Assessing for conditions beyond ROP

Using AI to scan images of an infant’s eyes is not only helpful in detecting ROP, Singh explains. It can also provide insight into other systemic health conditions.

Recently, Singh led research that examined whether retinal images obtained as part of the ROP exam may contain features associated with cardio-pulmonary diseases such as bronchopulmonary dysplasia (BPD) and pulmonary hypertension (PH), which are both leading causes of morbidity and mortality in premature infants. The research suggests that this retinal imaging-based AI tool can potentially predict the diagnosis of BPD and PH in premature infants, which may lead to infants being diagnosed earlier, thus avoiding the need for invasive diagnostic testing in the future.

“We found that we can detect these diseases way earlier by using AI instead of using invasive procedures like catheterization or echocardiogram,” Singh says. “I think there is tremendous potential for this tool, whether for early testing, or management, or even targeted intervention in high-risk infants.”

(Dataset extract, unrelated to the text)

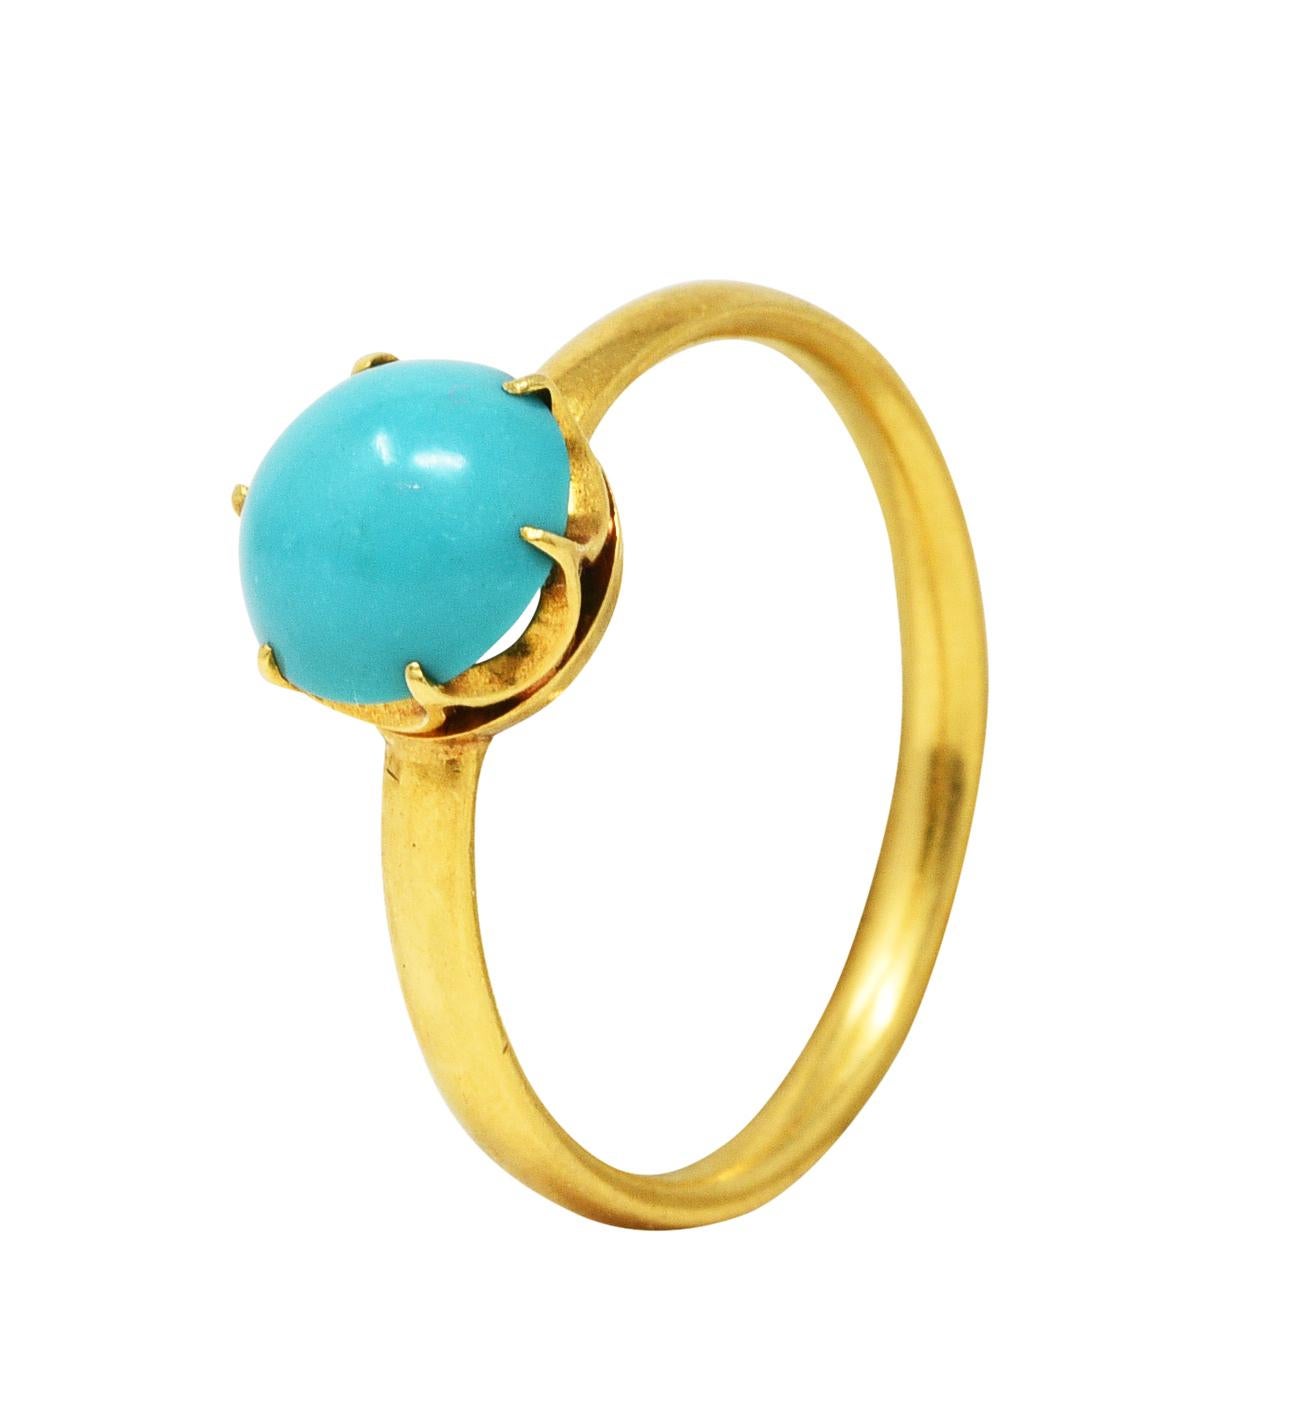 1960's Tiffany & Co. Turquoise 18 Karat Gold Solitaire Ring 3

Cole adds, “What is unique is that, while he is building this algorithm and predictive model, I’m working in parallel to develop a workflow with neonatologists and NICU leaders at the University of Colorado Hospital and Children’s Hospital Colorado to determine where this predictive model would be most useful in their care.”

Singh is also contributing to the development of a foundational dataset exploring oculomics-based biomarkers for different systemic diseases in the neonatal population. At CU Anschutz, he’s helping create a clinical informatics and retinal imaging infrastructure focused on multi-morbidity, with hopes of expanding AI algorithms’ ability to detect a wider range of diseases through ocular image analysis.

Cole predicts one of the biggest challenges of bringing AI into the NICU will be getting clinicians on board with the change, which is why the implementation science approach is critical. 

“We’re going about this in a holistic way, where we are doing user testing at the same time as we are doing algorithm development. It’s important that we get the buy-in from clinicians and that they see this is worth it,” Cole says. “This tool can potentially help us predict who will need treatment, improve the speed of exams, standardize diagnosis, and improve access to care.”